■ The task
Please output exactly the lines from the one that holds "Un vecteur illustration" through the final line of the data, and nothing else; leave out any pictures.

■ Data section
-=-=-=-=-

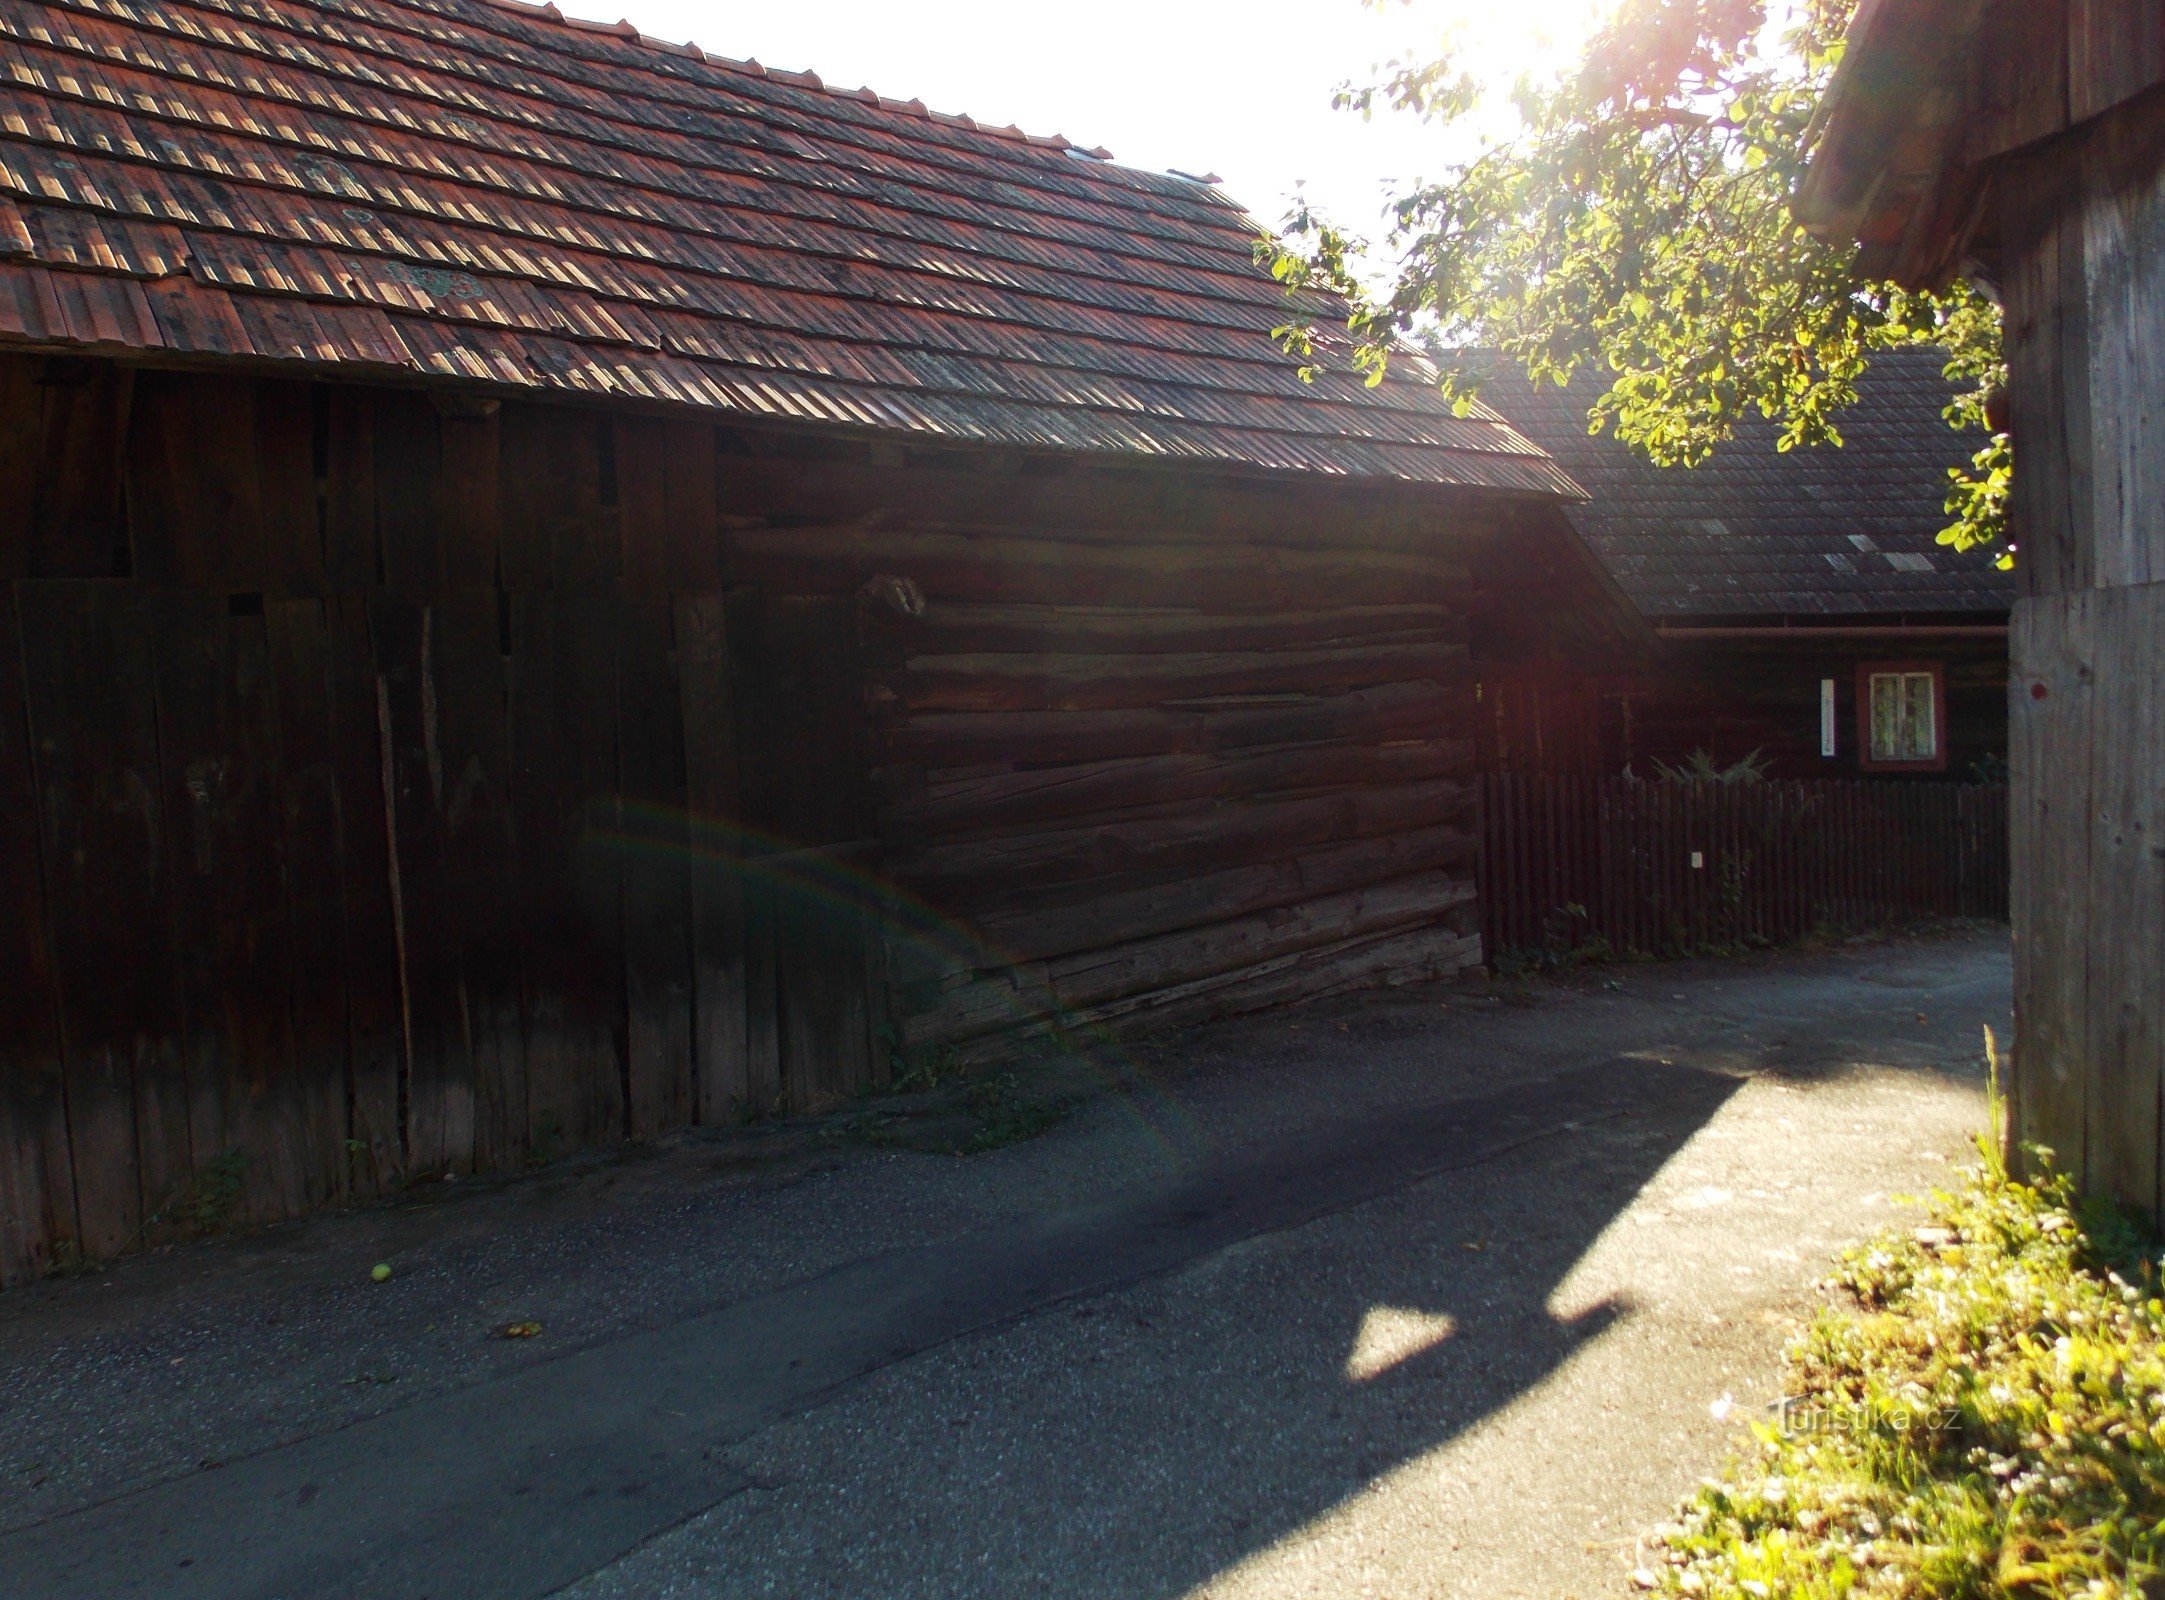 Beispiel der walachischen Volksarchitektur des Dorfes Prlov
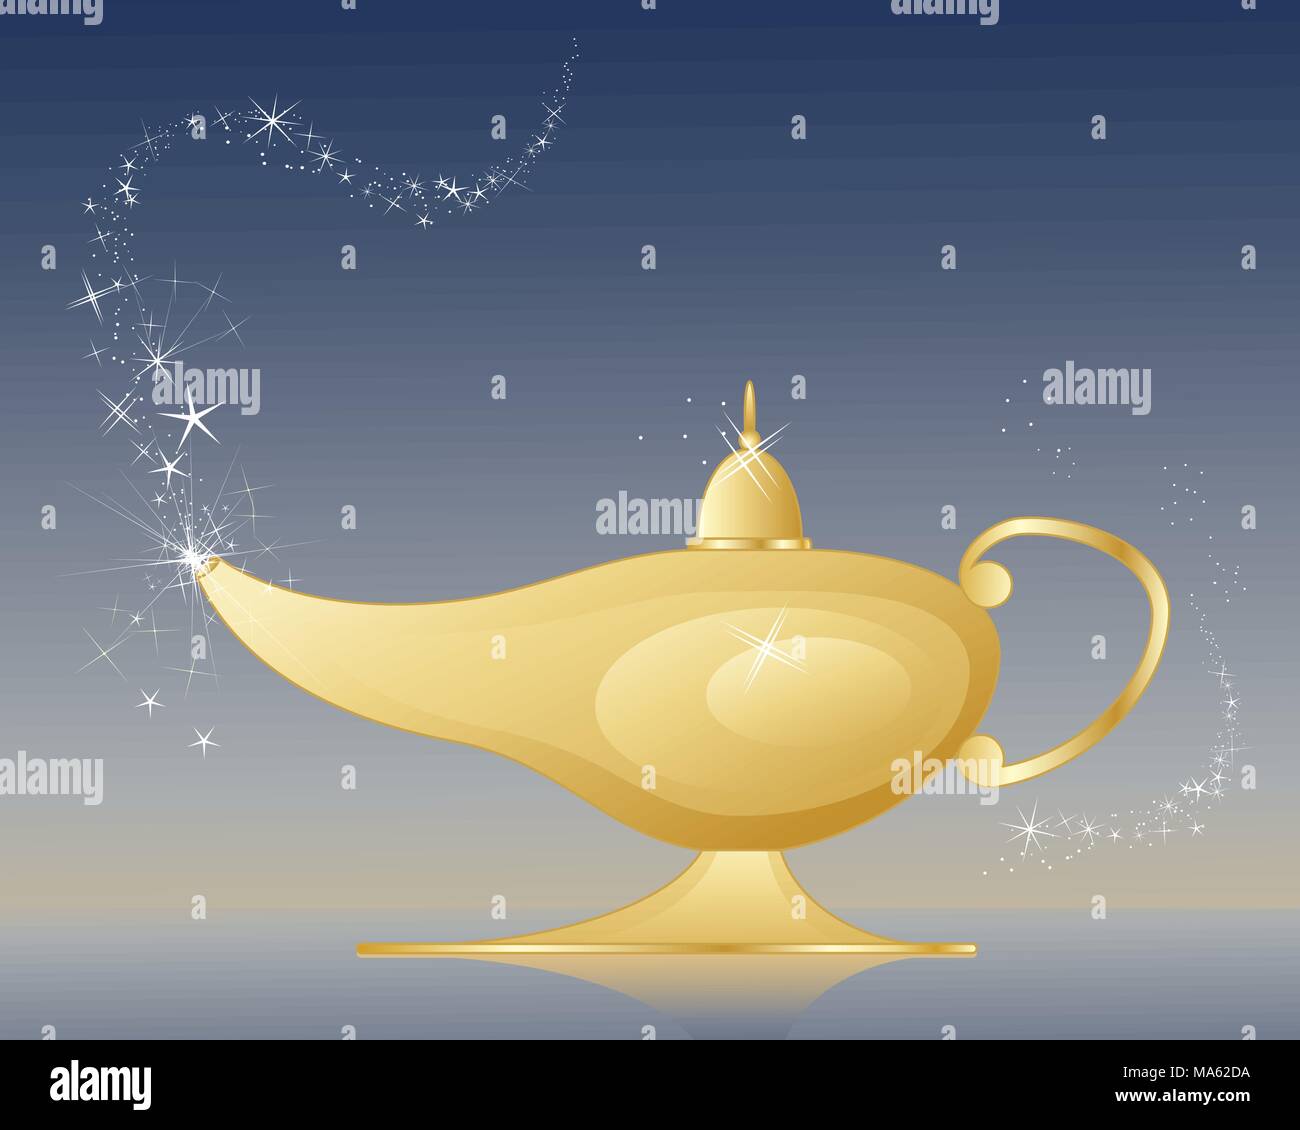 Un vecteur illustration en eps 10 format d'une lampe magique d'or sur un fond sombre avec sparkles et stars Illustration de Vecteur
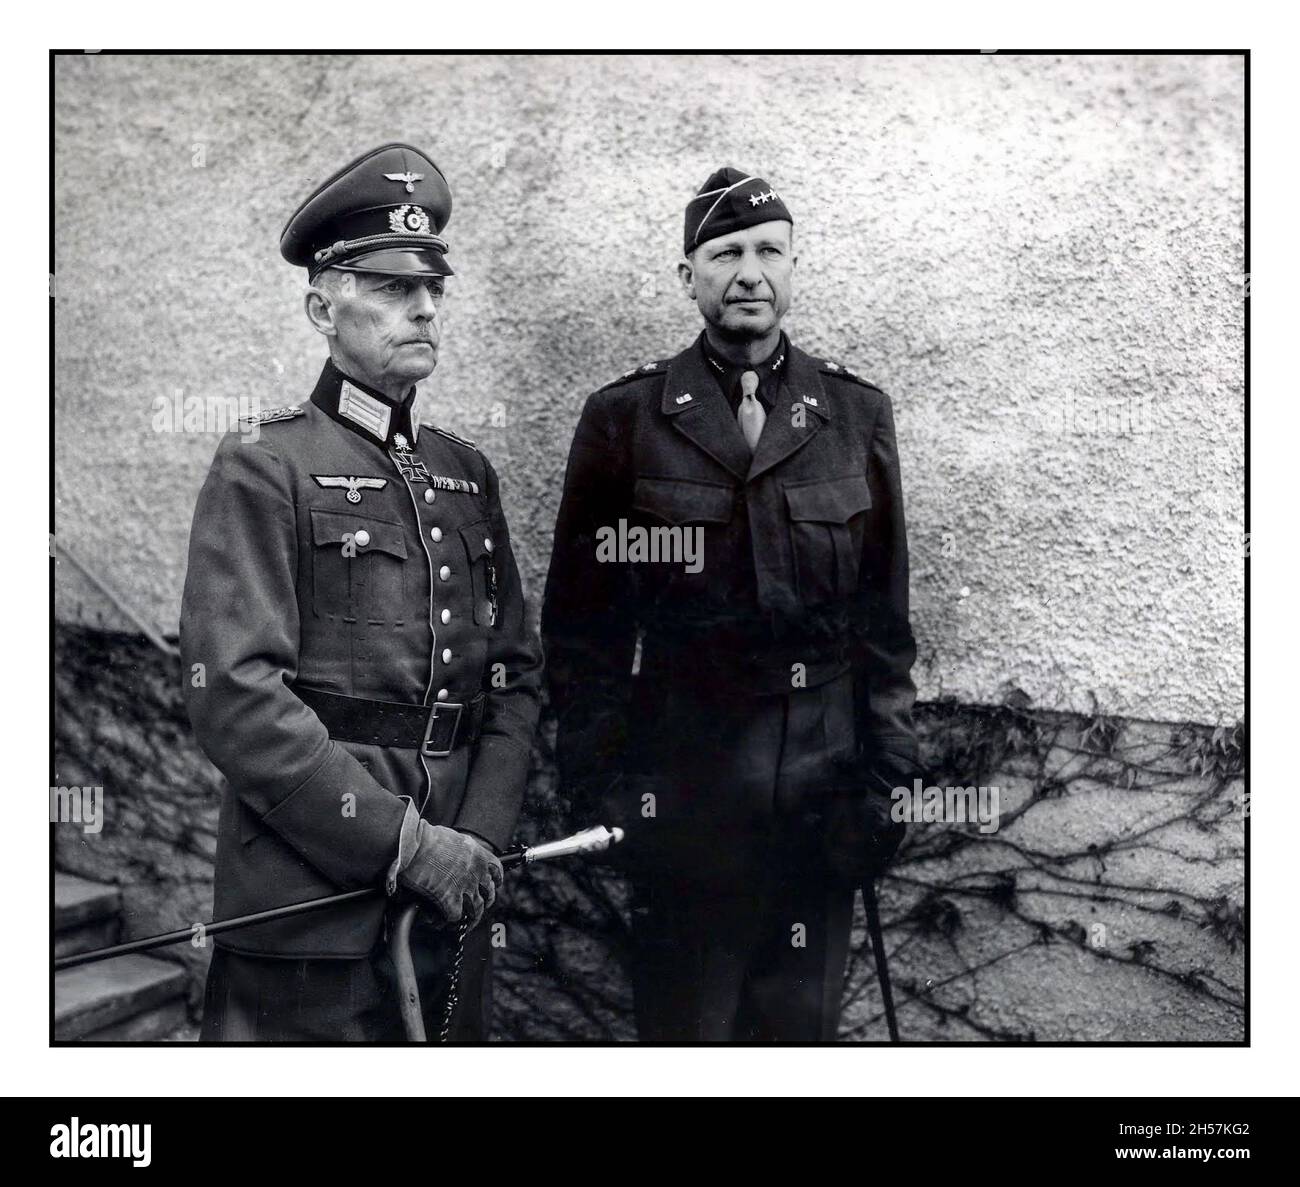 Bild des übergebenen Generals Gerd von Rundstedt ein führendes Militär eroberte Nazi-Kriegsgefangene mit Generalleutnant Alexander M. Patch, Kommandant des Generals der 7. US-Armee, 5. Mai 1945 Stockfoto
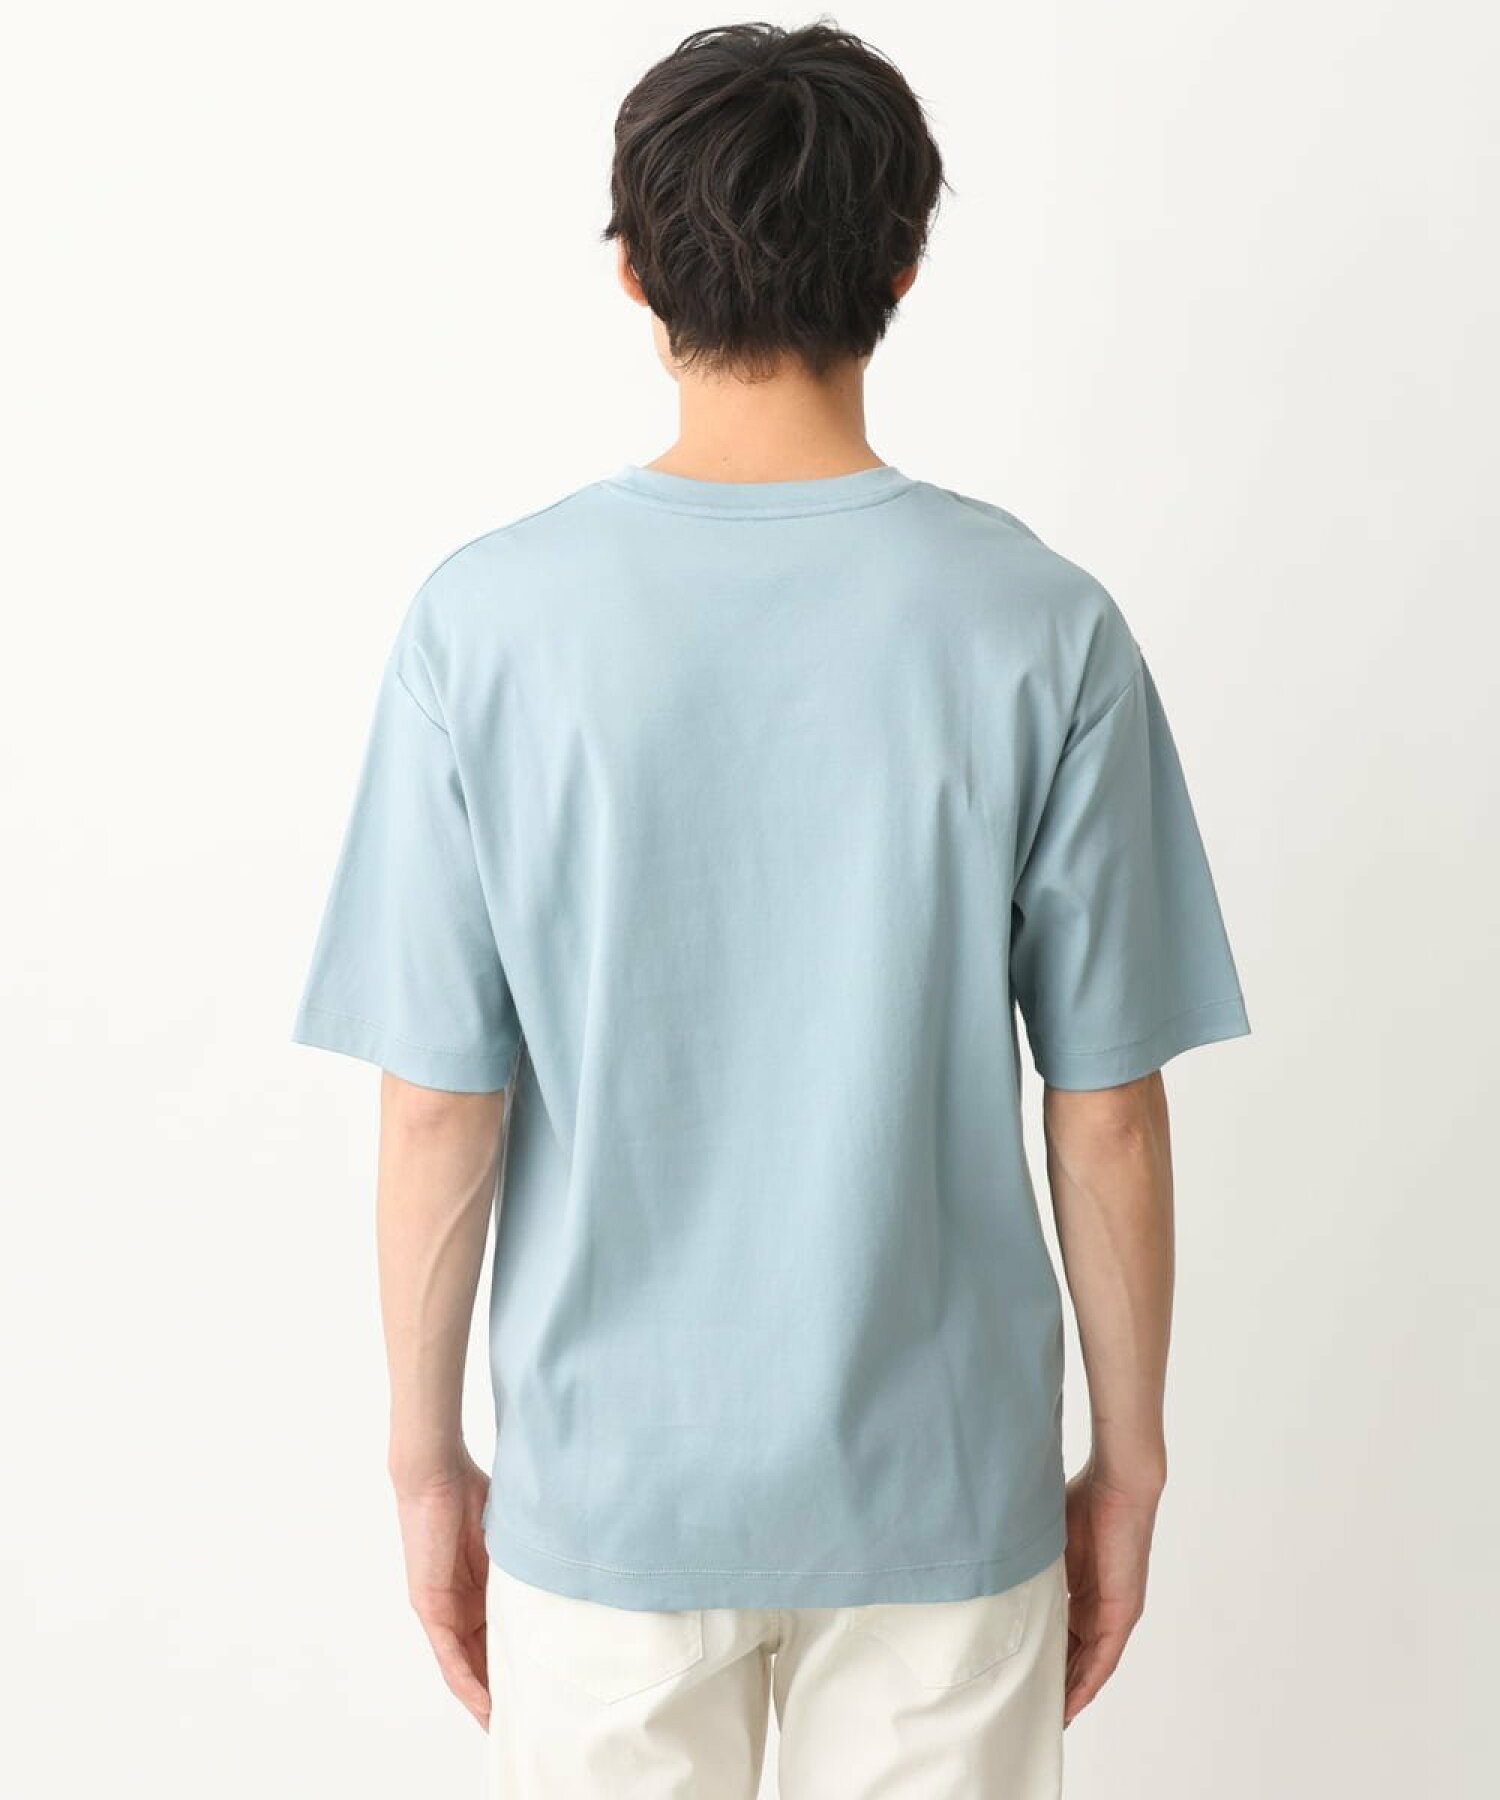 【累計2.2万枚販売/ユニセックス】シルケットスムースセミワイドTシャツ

-=-=-=-=-

■ Response to this task
 Un vecteur illustration en eps 10 format d'une lampe magique d'or sur un fond sombre avec sparkles et stars Illustration de Vecteur
 Bild des übergebenen Generals Gerd von Rundstedt ein führendes Militär eroberte Nazi-Kriegsgefangene mit Generalleutnant Alexander M. Patch, Kommandant des Generals der 7. US-Armee, 5. Mai 1945 Stockfoto
 【累計2.2万枚販売/ユニセックス】シルケットスムースセミワイドTシャツ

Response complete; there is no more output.